Yes, I went out, I had a couple too many and I have a hangover. But it is the season to be jolly and so I am making the most of it…sort of. I wasnt in the best of moods. And if I havent already mentioned it. I miss my daughter something terrible. This is the longest by far I have ever gone without seeing her and it is almost killing me. If it werent for her sweet voice over the phone everyday I am sure her prolonged absense would have killed me.

This will also most likely be my last post….

…come now, for this year I mean.

So let me reflect, not too much but a little bit.

By far an Awesome year. By far one of the best years so far in my life. Yes there were tough times, but honestly, this year was a renewal.
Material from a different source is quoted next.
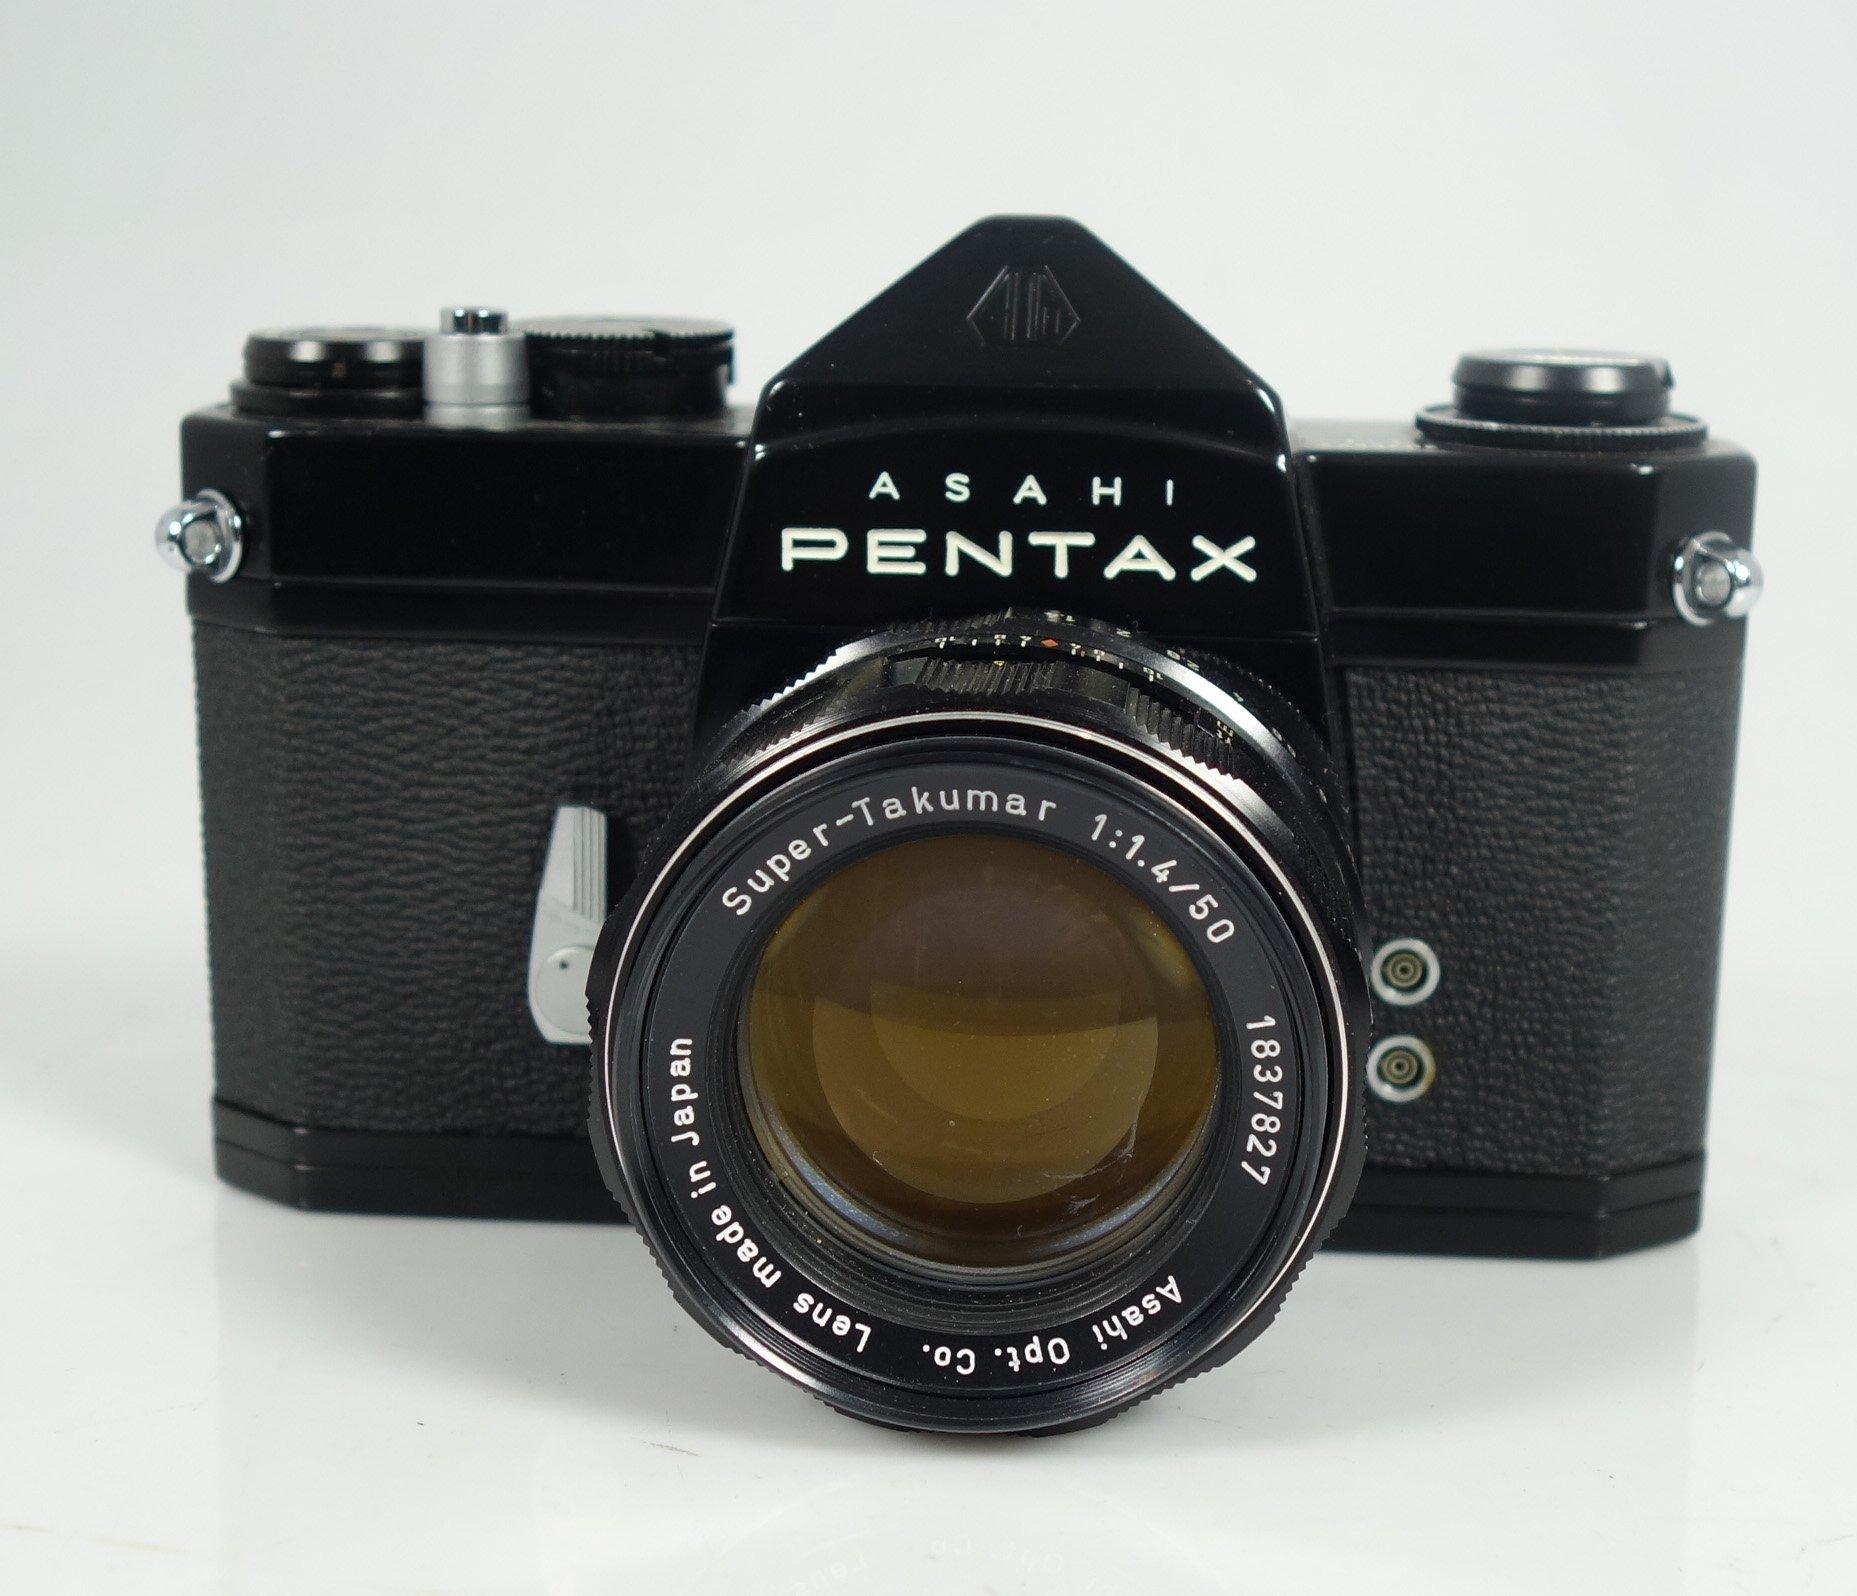 asahi pentax spiegelreflexkamera sl super takumar 1 1 4 50 lens ebay. Black Bedroom Furniture Sets. Home Design Ideas

I found out who I was(and learning more about me everyday). I am enjoying life, and by golly, if that means that sometimes I drink a little bit in excess and get into a spot of trouble here and there, then so be it.

I’d like to think I am a good mother. I’d like to think that I am doing my best. And there may be people who disagree with me, there may be people who want nothing to do with me for it, or look down upon me for my ways. We aren’t perfect and we can only do the best that we can with the knowledge we have.

For the first time in my life I have had to budget, really think about and plan for the future. I have had months where I have literally scraped by, and months where I was able to spoil myself and my daughter a little.

2011 has been the year of friends for me. I have made many on my adventures, from ABC with Roshni and the girls at 5am in the morning 5 days a week in winter. To The Dogg Boxe gym where I learned some MMA and Kickboxing to the pubs and clubs of Boksburg and Benoni.

To the friends that have been there for me, thank you…you mean the world to me!

An incredible year of reconnections, with family and with friends I have not seen since high school.To my mother and sister that welcomed me back with open arms after I shut them out from my life.

To my Minki…dudette…you have helped me overcome so much this year…without you how would I know what the steps of going through a break up/divorce were?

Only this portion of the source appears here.